◆ TASK STATEMENT
Pictures aside, please retype the whole listing word for word.

◆ SUPPLIED INFORMATION
▼
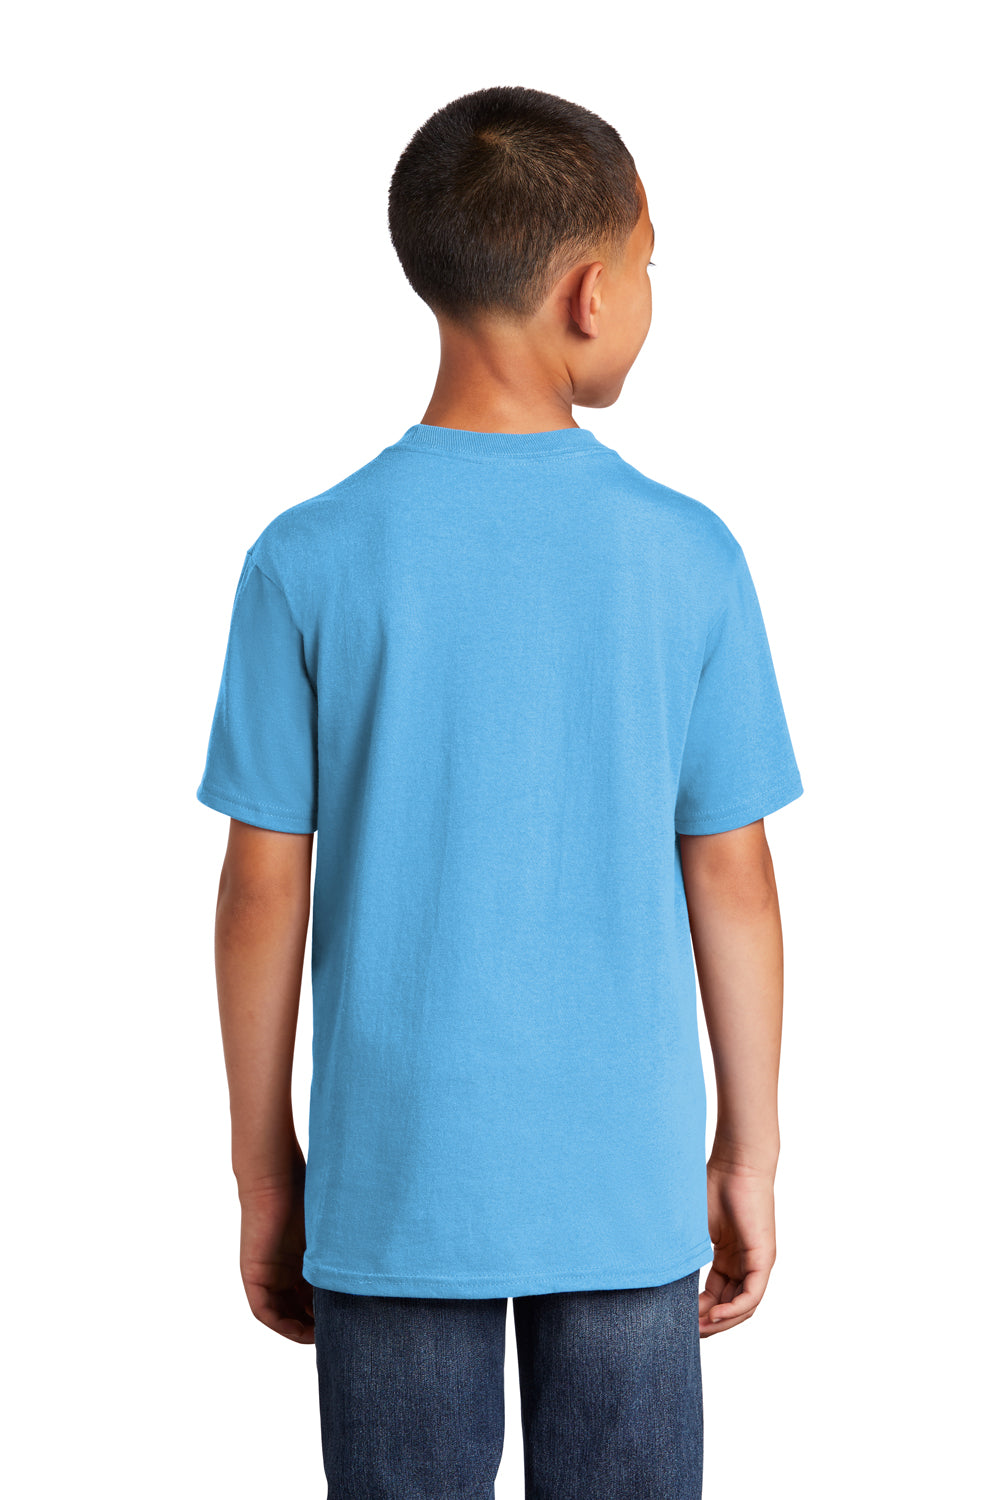 Port & Company PC54Y Youth Core Short Sleeve Crewneck T-Shirt Aqua Blue Back
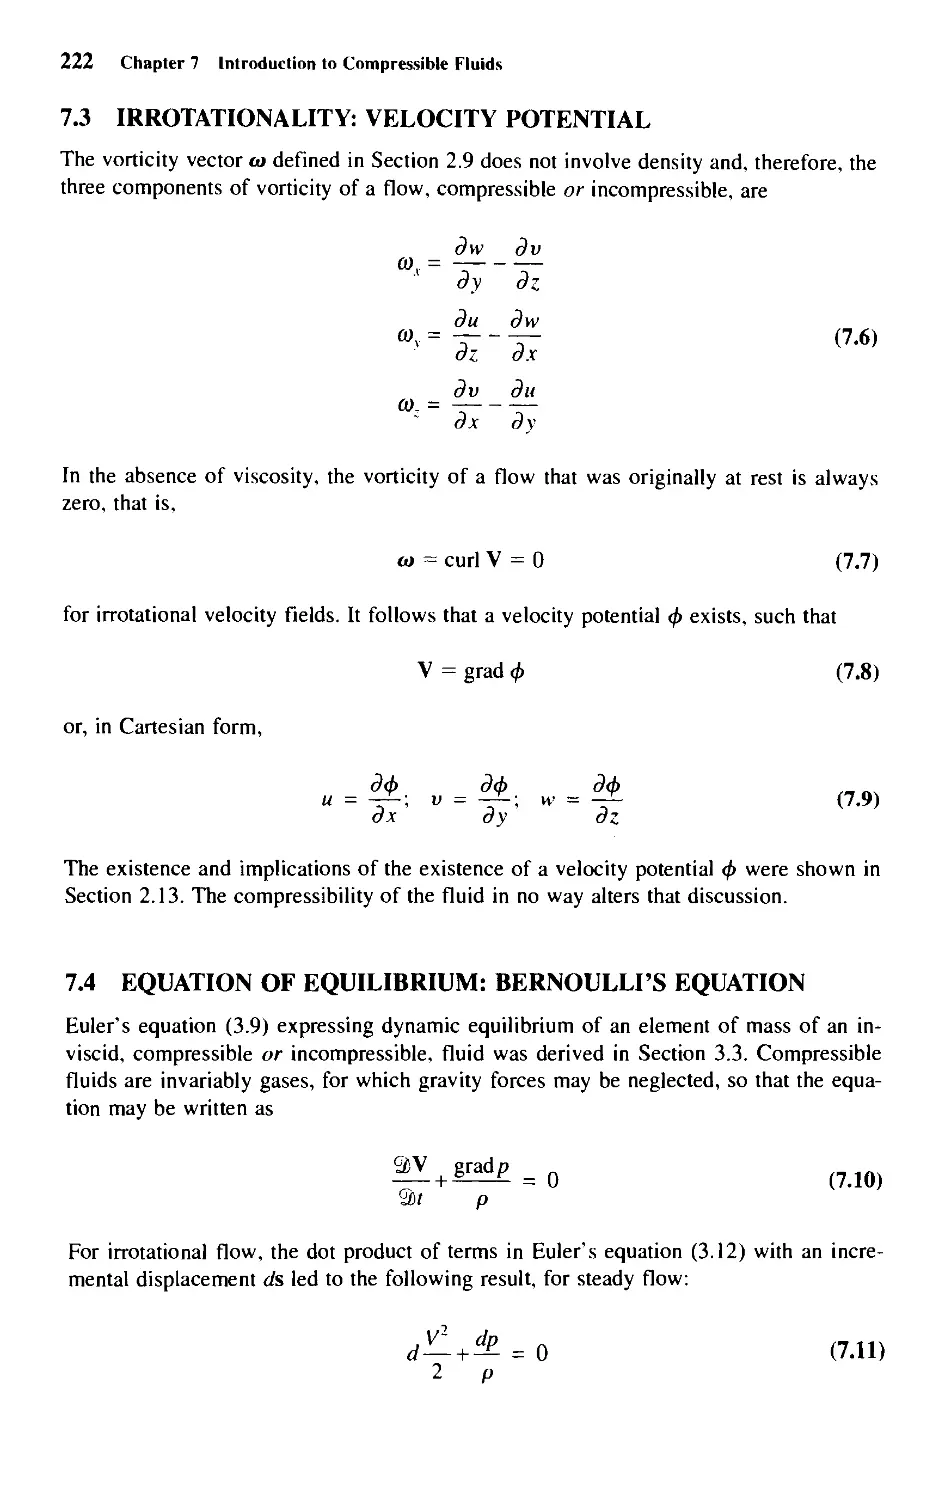 7.3 - Irrotationality: Velocity Potential
7.4 - Equation of Equilibrium: Bernoulli's Equation
▲
◆ ANSWER SECTION
 Port & Company PC54Y Youth Core Short Sleeve Crewneck T-Shirt Aqua Blue Back
 7.3 - Irrotationality: Velocity Potential
7.4 - Equation of Equilibrium: Bernoulli's Equation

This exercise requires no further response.